Work instructions: What is needed is an exact reproduction of the lines in the records below, starting at the line with "Small Adidog Adidas" and ending at the line with "jordanshoes18 on in", both included, and nothing else; pictures stay out.
Extracted information section start
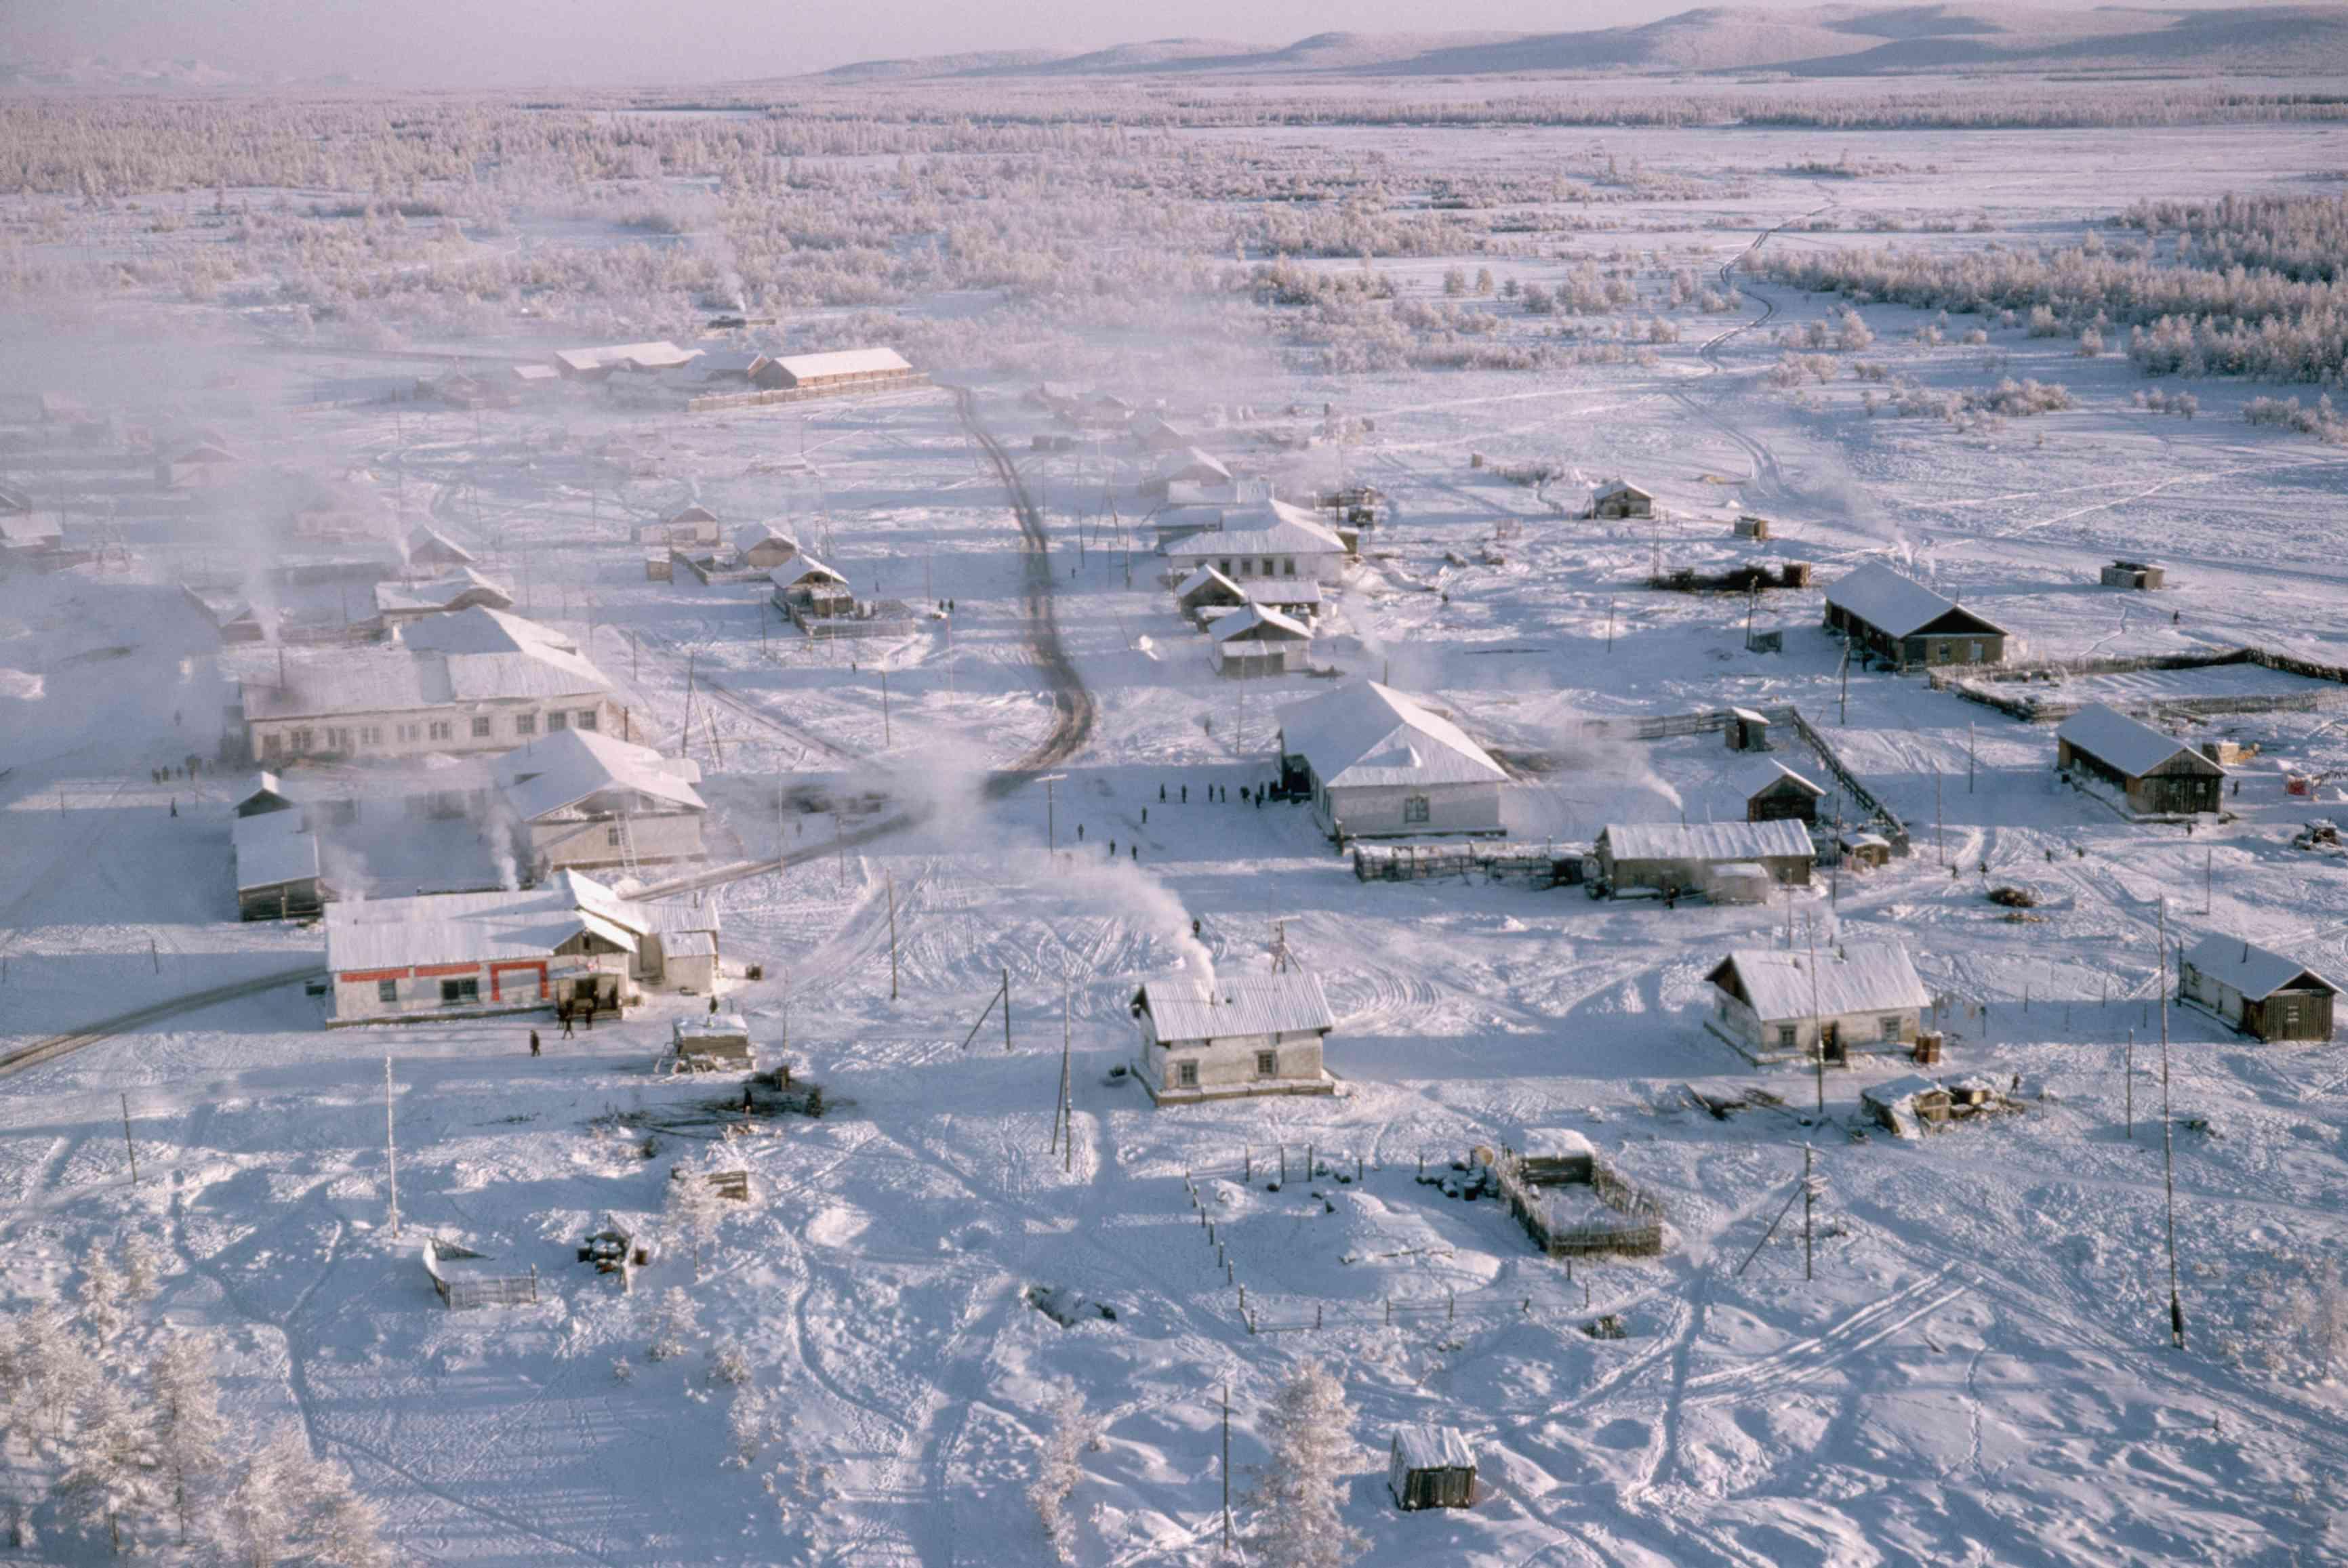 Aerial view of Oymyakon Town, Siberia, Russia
Extracted information section end
Extracted information section start
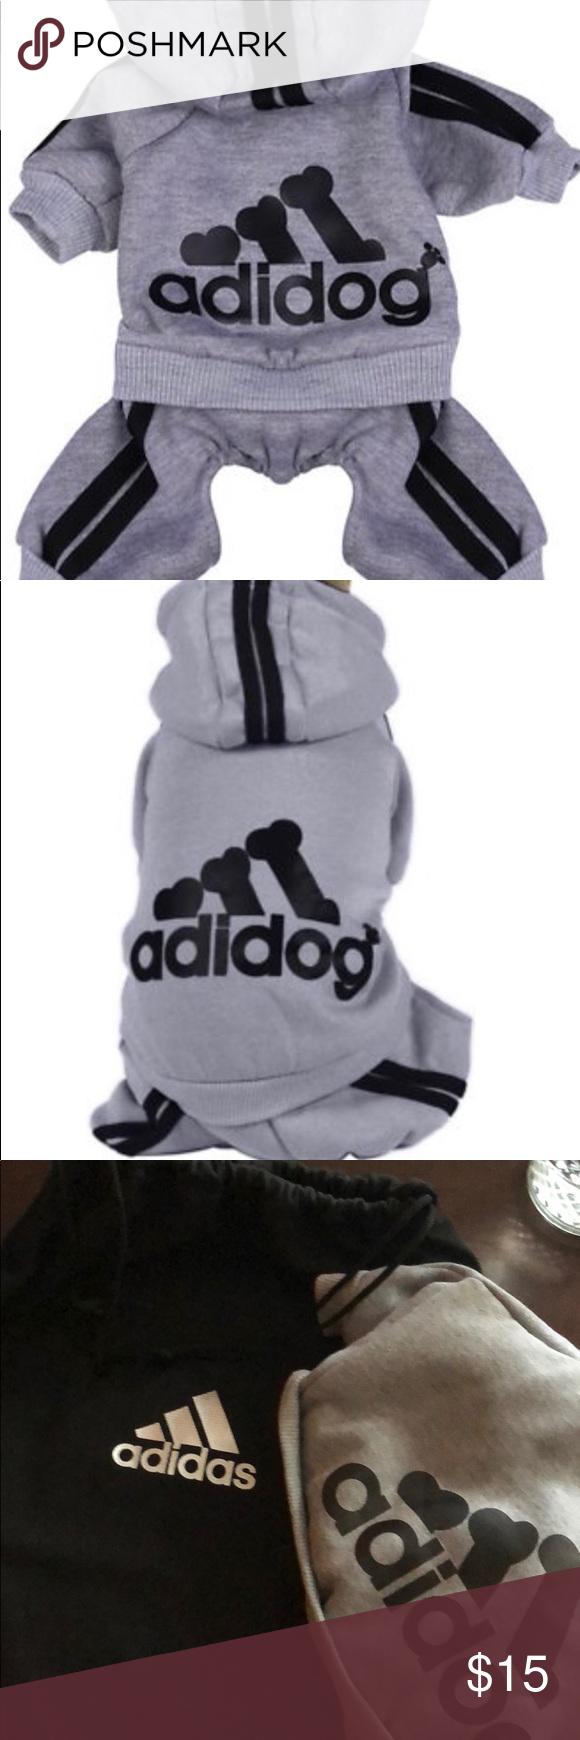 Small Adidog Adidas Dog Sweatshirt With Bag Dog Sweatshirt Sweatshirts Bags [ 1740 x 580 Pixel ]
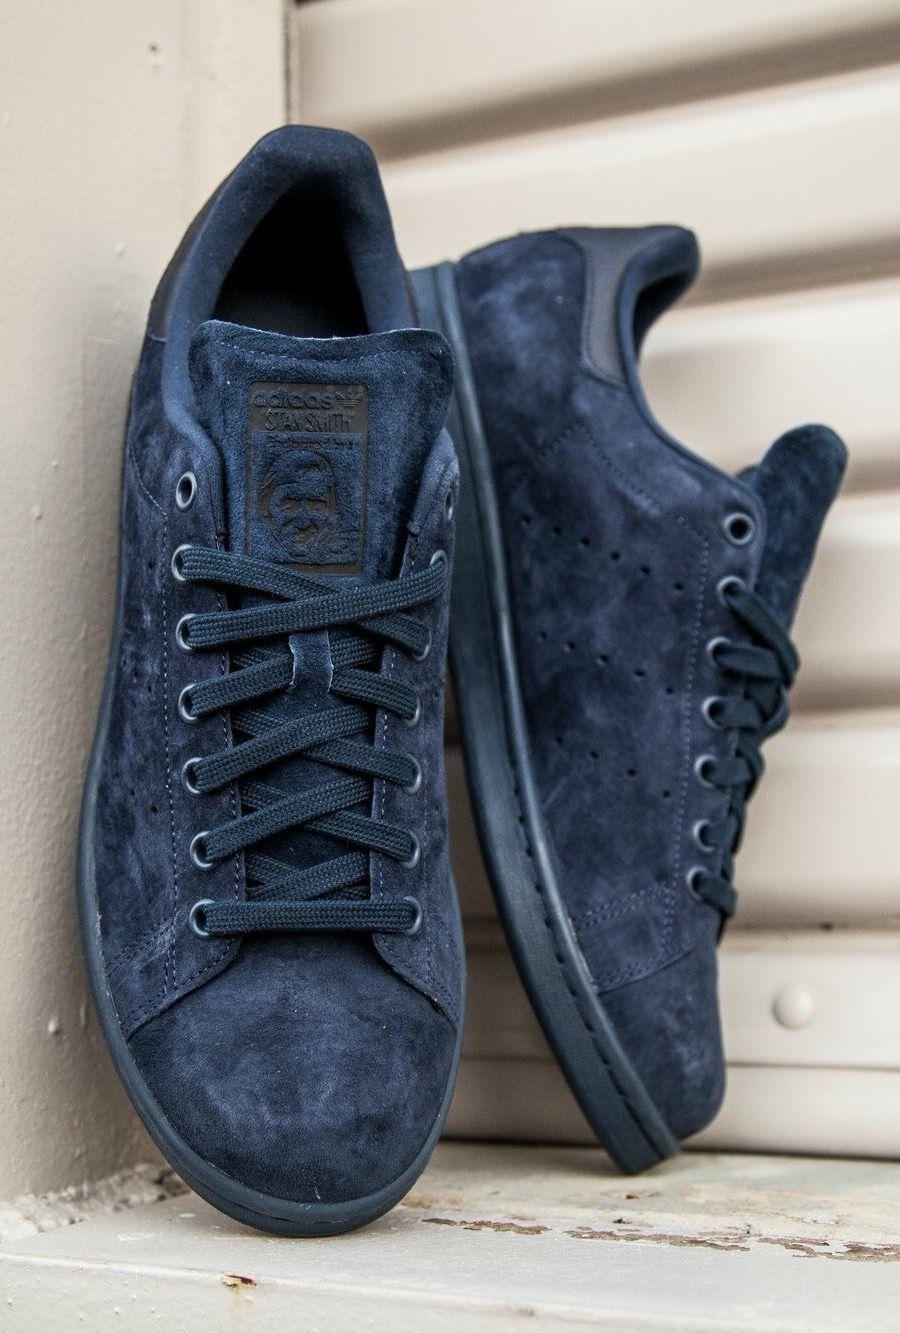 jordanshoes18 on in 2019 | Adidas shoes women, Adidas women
Extracted information section end
Extracted information section start
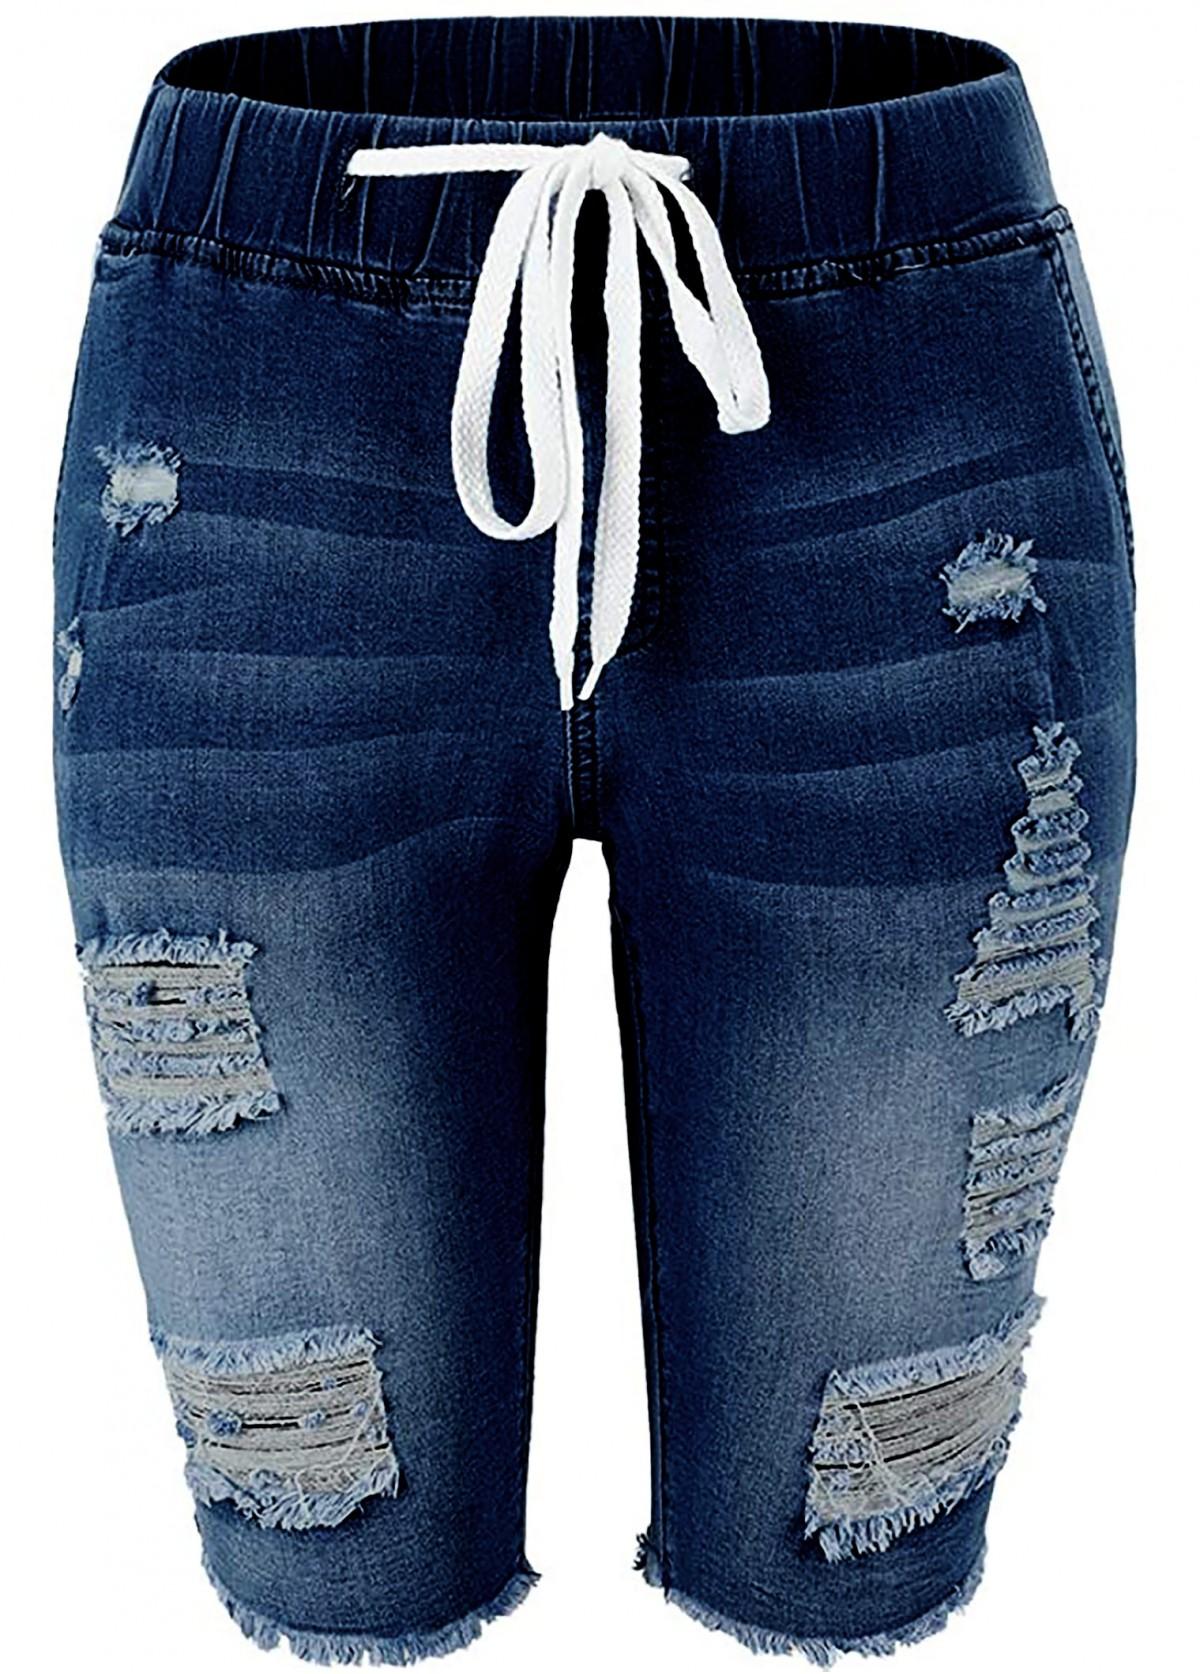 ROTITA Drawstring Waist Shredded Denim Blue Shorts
Extracted information section end
Answer section:
 Small Adidog Adidas Dog Sweatshirt With Bag Dog Sweatshirt Sweatshirts Bags [ 1740 x 580 Pixel ]
 jordanshoes18 on in 2019 | Adidas shoes women, Adidas women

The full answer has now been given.